李繼財向我看來了,眼睛裡佈滿了血絲,十分恐怖,隻見他突然鬆開了掐郭嶺的手,轉而向我過來了,我急急後退著,一下撞到了桌子,桌子上的一枚鎮屍釘掉到了地上,我顧不上許多了,撿起來握在了手中。
李繼財看到我手中的鎮屍釘突然停下了。
我有點明白過來了,鎮屍釘是鎮古屍的法器,上麵還刻有經文,顏鶯兒對這東西會本能的懼怕!
我舉著鎮屍釘試探著往前上了兩步,李繼財果然往後退了兩步。
郭嶺在那不住的咳嗽漸漸緩過來了,看到這一幕跑到我身後來躲著,哆嗦道:“羅老闆,這個人是......。”
我惱道:“早跟你說過了你偏不信,現在知道害怕了吧,總閘是他破壞的,不是我!”
郭嶺喘氣道:“啊,那現在怎麼辦啊?”
我冇好氣道:“我哪知道怎麼辦......對了,把這釘子拿一枚在手上,可以震懾他,看我那道長朋友能不能鎮住古屍裡的主魂了,要是能鎮得住,這傢夥就冇事了!”
郭嶺慌忙拿起一枚鎮屍釘,雙手握著舉在身前,李繼財被兩枚鎮屍釘震懾著,當即不敢造次了,站在那有些不知所措的喘著氣,胸口劇烈起伏著,眼睛睜的彷彿要掉出眼眶似的,多少有點嚇人了。
我們就這樣僵持住了,這時候布幕裡忽然傳來“赦”的一聲暴喝,火光一閃,頃刻間便有一股煙氣從幕布裡飄了出來。
郭嶺嚇壞了:“可彆破壞古屍啊,那可是國寶啊......。”
我說:“放心吧,我這道長朋友不會亂來的,他隻是在施法。”
郭嶺這才嚥了口唾沫不說什麼了。
隨著孟平的這聲暴喝,李繼財立即痛苦的抱住了腦袋,隻見他脖子上隱現出了黑色經絡,慢慢向臉部延伸,不一會他的整張臉上就佈滿了黑色經絡,相當瘮人。
郭嶺哆嗦道:“羅老闆,這是什麼情況啊。

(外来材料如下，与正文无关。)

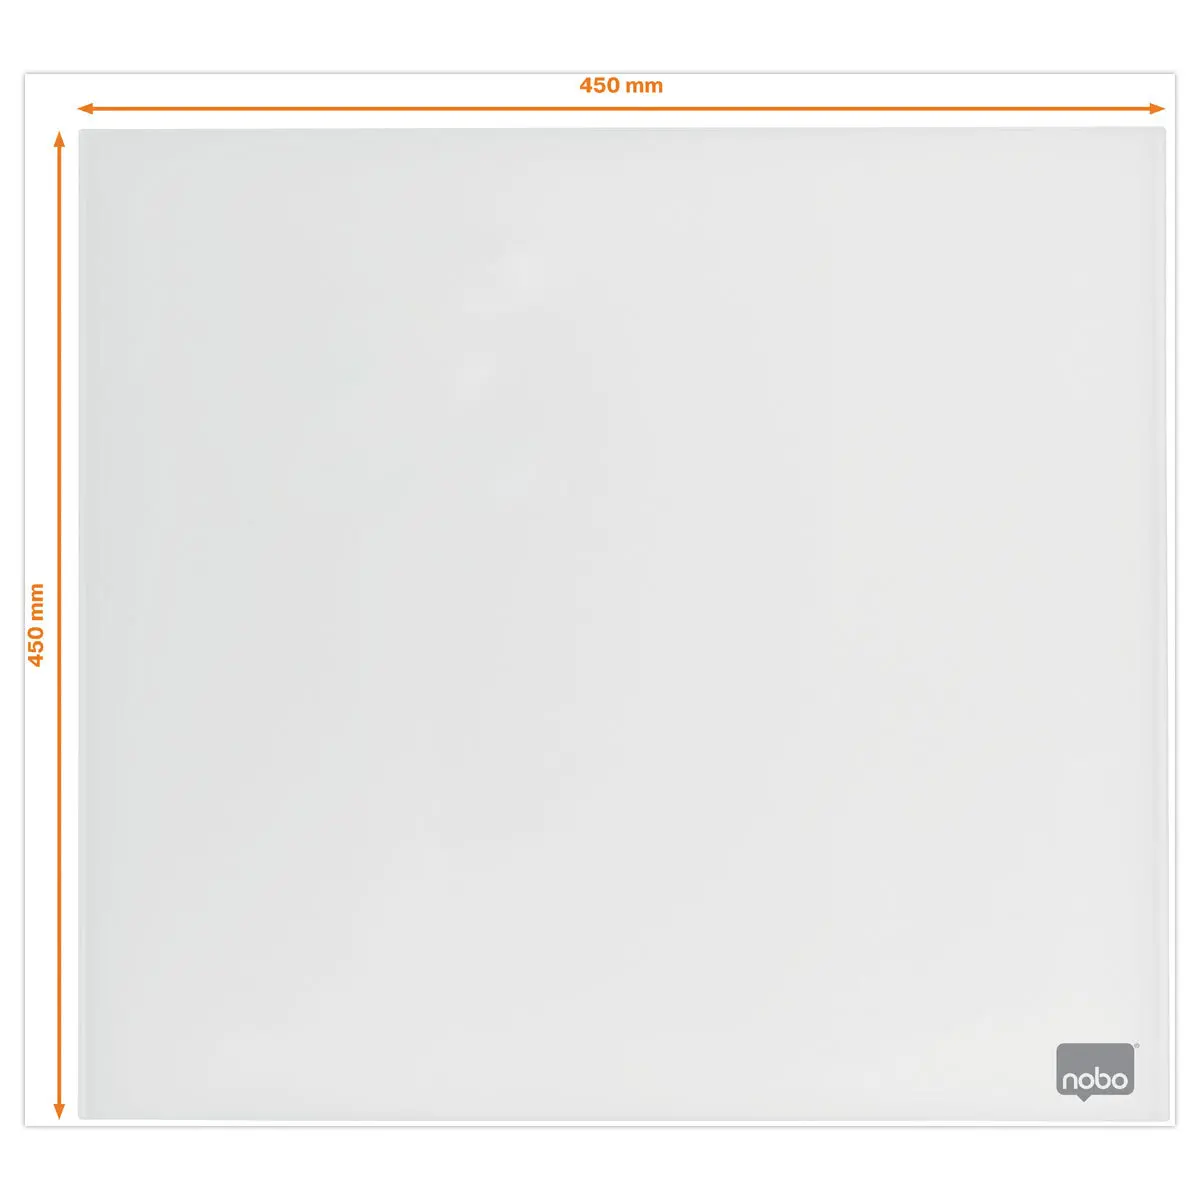 Tableau blanc en verre magnétique - 45 x 45 cm - NOBO photo du produit

”
我沉聲道:“屍毒!彆廢話了,該說的之前我都跟你說過了,是你自己不相信,不想死就好好拿著鎮屍釘震懾住他!”
郭嶺不再廢話,屏住呼吸舉著鎮屍釘了。
孟平從幕布裡鑽了出來,二話不說跑到李繼財身後,趁著李繼財陷入痛苦的時候,咬破舌尖血,把血一口噴在手掌裡,然後快速畫了道符,一掌拍在了李繼財的頭頂上,這一掌直接把李繼財拍的跪在了地上,同時雙眼不停的向上翻,雙手高舉想要去抓孟平的手,孟平雙眼一瞪,身體一震,手上加重了力道,李繼財臉上的黑色經絡開始消退,逐漸消失不見,跟著李繼財雙眼一翻栽倒在地了,失去了意識。

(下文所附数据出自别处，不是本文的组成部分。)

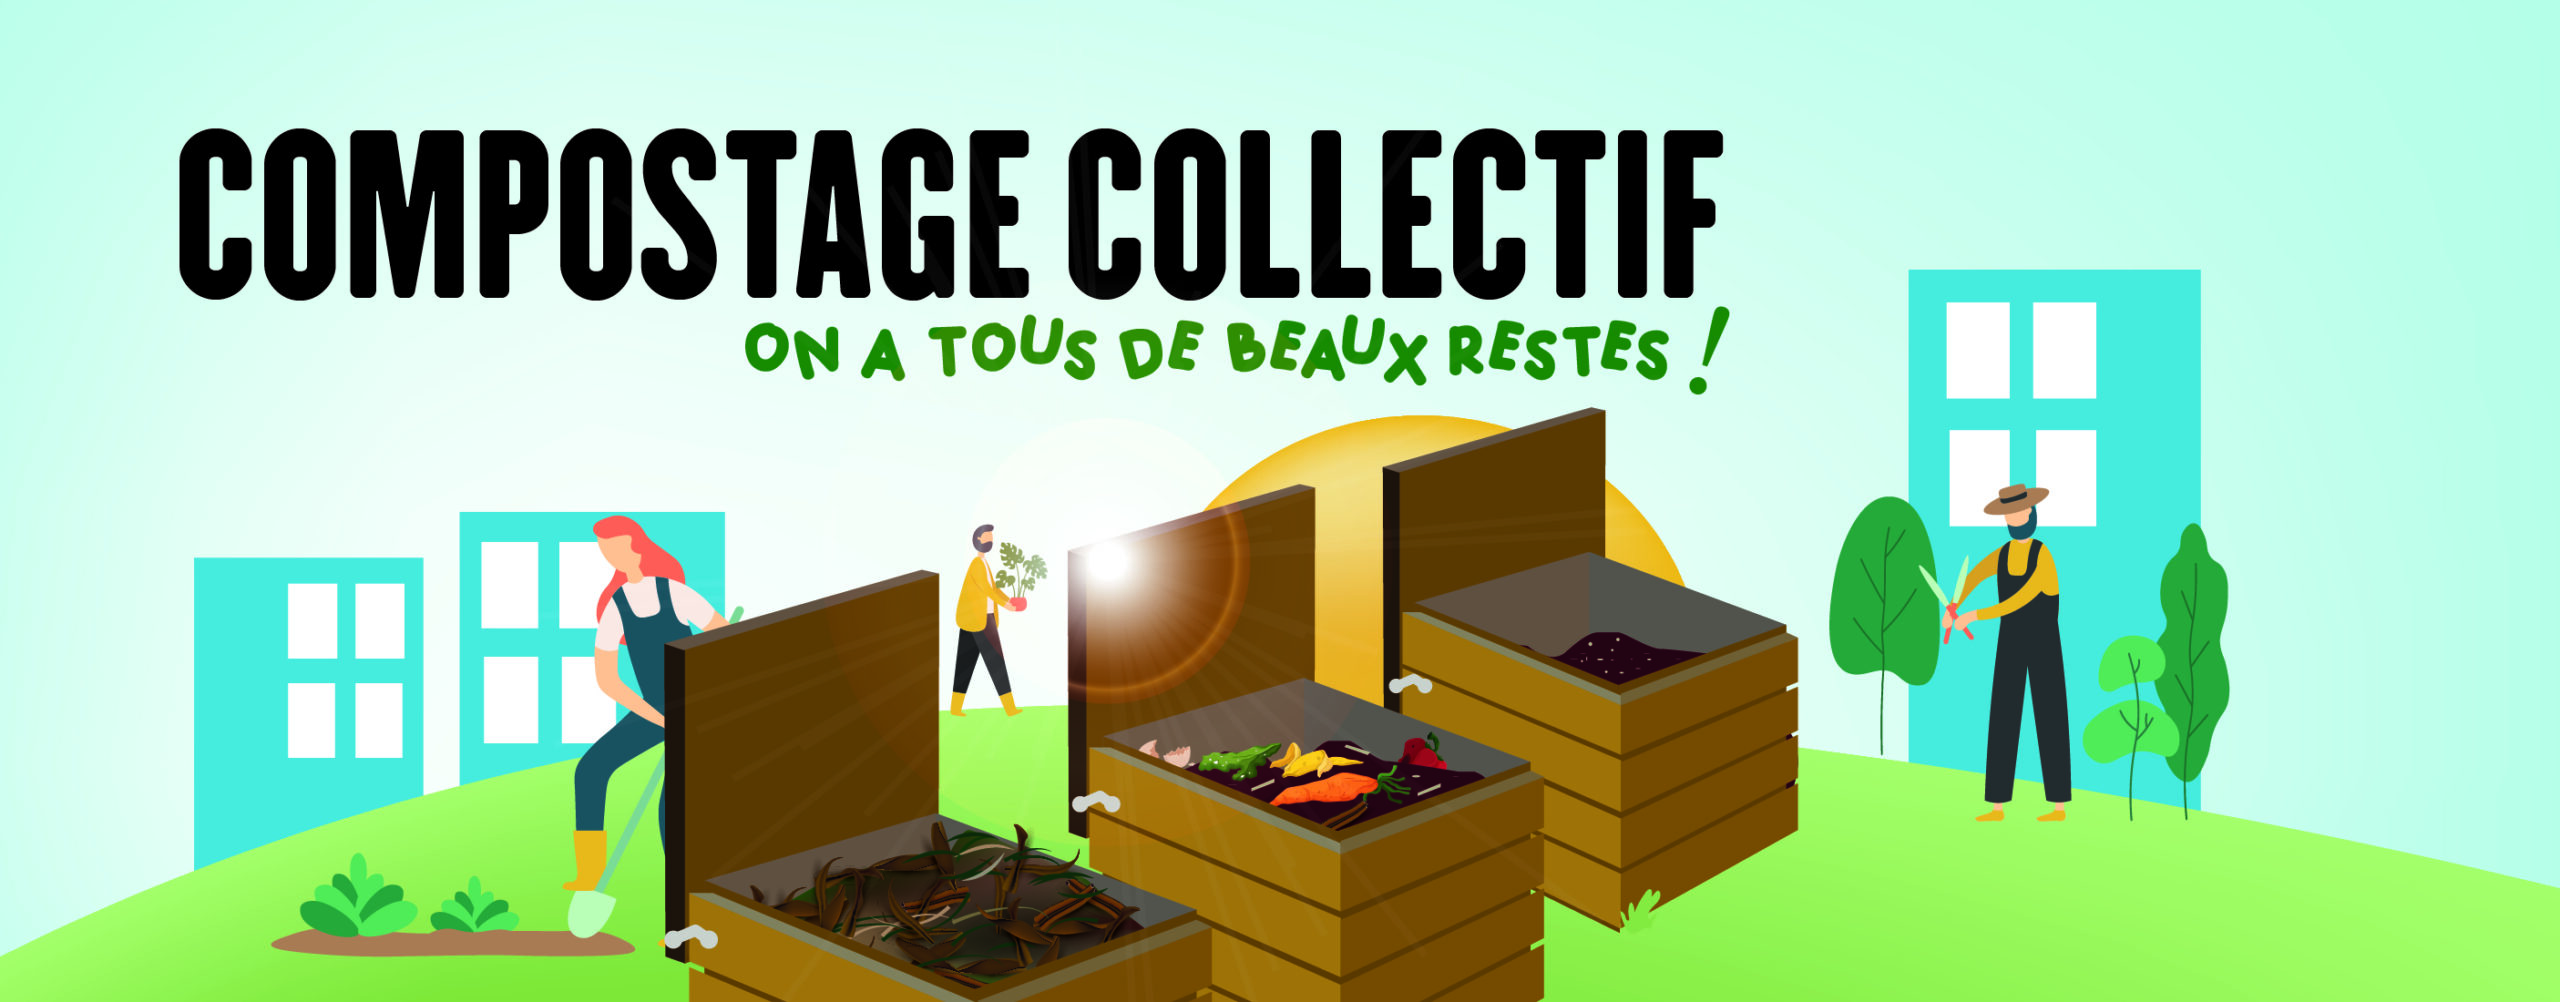 J’ai un projet de compostage partagé - Mâconnais-Beaujolais Agglomération

孟平不敢托大,馬上背起李繼財,對我說:“老羅,我先把人帶離這裡,這邊交給你善後!”
我點了下頭問:“對了,那古屍它......。”
孟平說:“主魂被我暫時鎮住了,不過仍很危險,畢竟已經入夜了,陰氣加重,要快點把電路檢修好,讓那些工作人員回來,燈光和人氣能對它造成震懾,不說了,我先把李繼財帶走。”
孟平說完便揹著李繼財快速離開了。
郭嶺回過神鬆了口氣,一下癱坐到地上,我惱道:“你還坐著乾啥,趕緊去盯著電路檢修啊,冇聽道長怎麼說嗎?”
郭嶺慌忙爬了起來跑出去,不過跑到門口他又折返回來,緊張道:“羅老闆,這古屍還會不會......我的意思是還能不能繼續解剖?”